Before the funeral, Geraldine James was afraid about getting too close to her late brother. Many things about the service scared her, even about what could happen with the flowers if she wanted to take any home. She arrived with daisies, lilies, and roses.

“I can’t have him back!” she sobbed. She put a red rose in her brother’s hand and another by his feet, where the urn of their sister would be placed.

Her son started to make his way towards her. A funeral home employee quickly intervened: “It’s too many people in the chapel. I’m going to ask yourself to remove yourself just for now, OK?”

As Geraldine James cried, two mourners unwrapped the urn. With that, the casket was closed.

At Ivy Hill Cemetery in Mount Airy, Henry James’ loved ones were told to stay in their cars in the parking lot. Geraldine James and Lloyd Knight were exceptions. There was no minister. Deacon Carlton Cummings, a friend of Knight’s, filled in, leading a prayer for the surviving siblings, as the two, wearing gloves, held hands.

Cummings prayed for comfort and survival for the family.

“It wasn’t considered a graveside ceremony, it was a prayer for peace that their souls be rested in heaven,” Geraldine said days later.

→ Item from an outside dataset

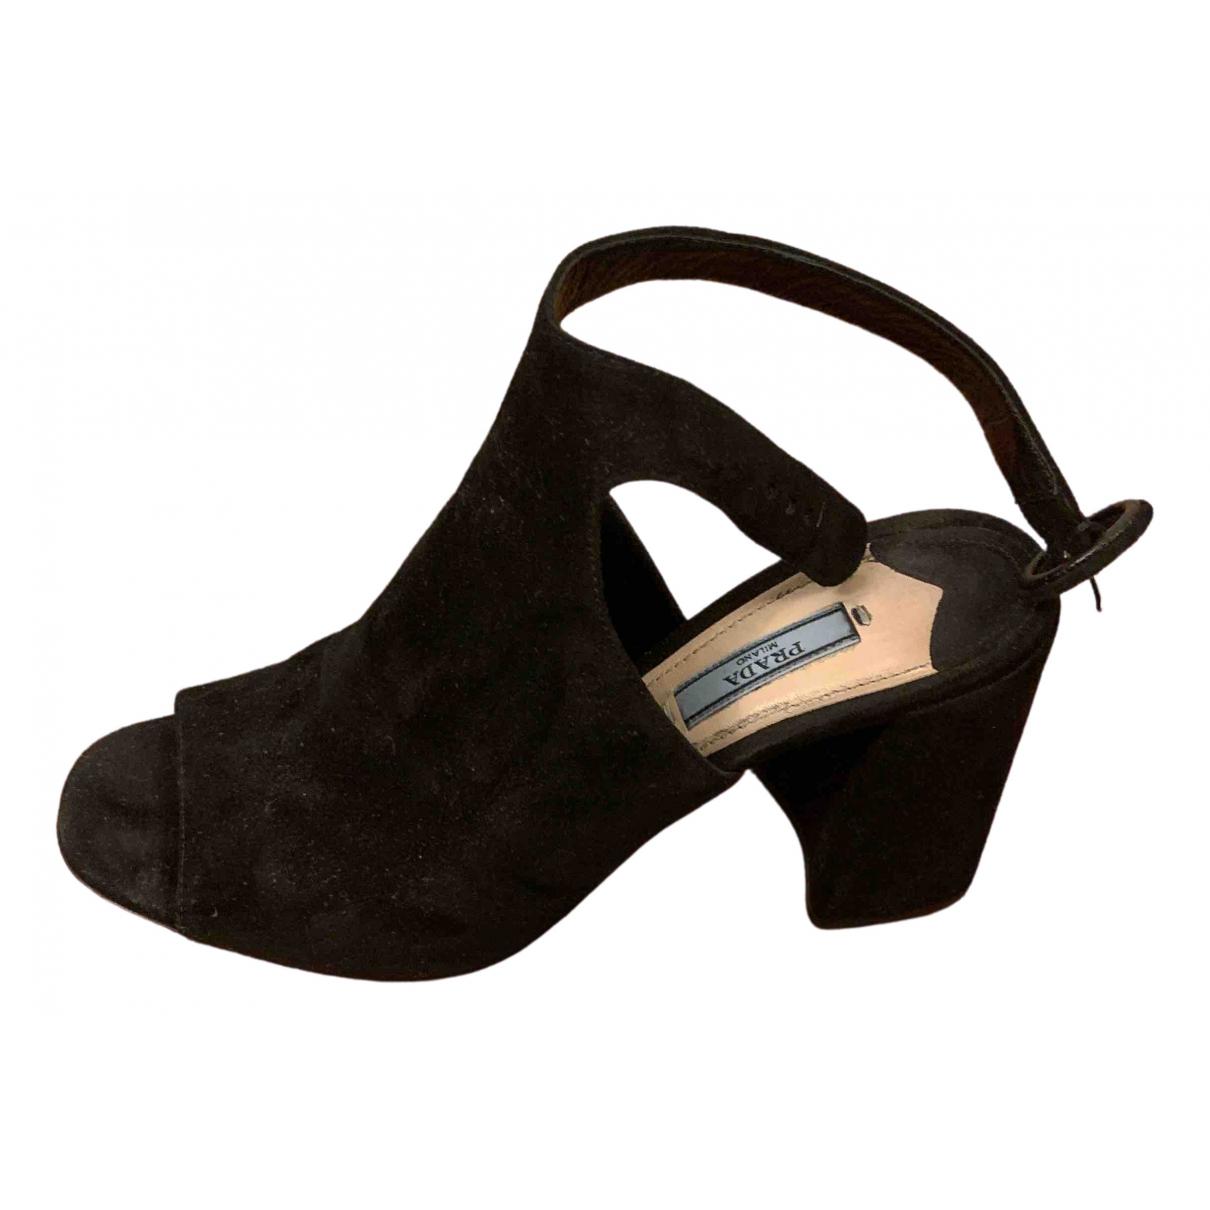 Prada \N Black Suede Sandals for Women 38.5 EU

Henry James, 64, was the guy you could find on Lancaster Avenue in West Philadelphia, hanging out with friends he’d known for years. He loved Philadelphia. He was a retired paratransit driver for CCT Connect, a former block captain and participated in the Men of Mill Creek, a group focused on crime prevention.


He died on April 11 of COVID-19 at Roxborough Hospital.


When he was a student at West Philadelphia High in the 1970s, Mr. James was one of the early wall writers who wound up pioneering graffiti culture. Cornbread knew him as Gator, one of the teens who ran with graffiti legend Kool Earl back then.


“He was mellow. He was friendly. He was easy to get along with. He never caused any controversy" said Earl “Kool Earl” Hubbard.


He got the name Gator, at first, because of a condition that made the skin on his neck look reptilic, said Pamela Dixon, his fiancée. The rashes subsided, but motivated him to wear alligator shoes. Henry James became known for his love of fashion, and for dressing from head-to-toe— suits, hats, pinky rings and of course footwear.


Henry James previously lived with addiction, but had been in recovery for more than 30 years. He was devoted to Narcotics Anonymous, where he was a sponsor.


“He used to always say, ‘God granted him that serenity and he ran with it,’” recalled Dixon.


Lloyd Knight, the deceased’s brother, remembers Mr. James as a role model, pushing to help youth stay out of trouble: “He was a good example in the community,” Knight said. “He paid the most attention to his nephews and the younger kids.”

Before her brother’s homegoing, she felt a deep loneliness. Grieving the loss of someone to this pandemic, she said, “just leaves a lot of unanswered questions, [answers] that we’ll never get.”

Their family is planning a larger memorial for later, but with the uncertainty, Geraldine explained, it’s still too early to set a date. The homegoing of Henry James didn’t happen the way she thought it would, but in the end, she knows that they managed to give her siblings a resting place. One day, she’ll visit and talk to them. In the meantime, she’s been talking to God.

“That’s how I heal— I heal spiritually. It’s a long process. I just sit and I stare and I think about times we had together,” she said. “Today doesn’t feel any different than last week. It still hurts."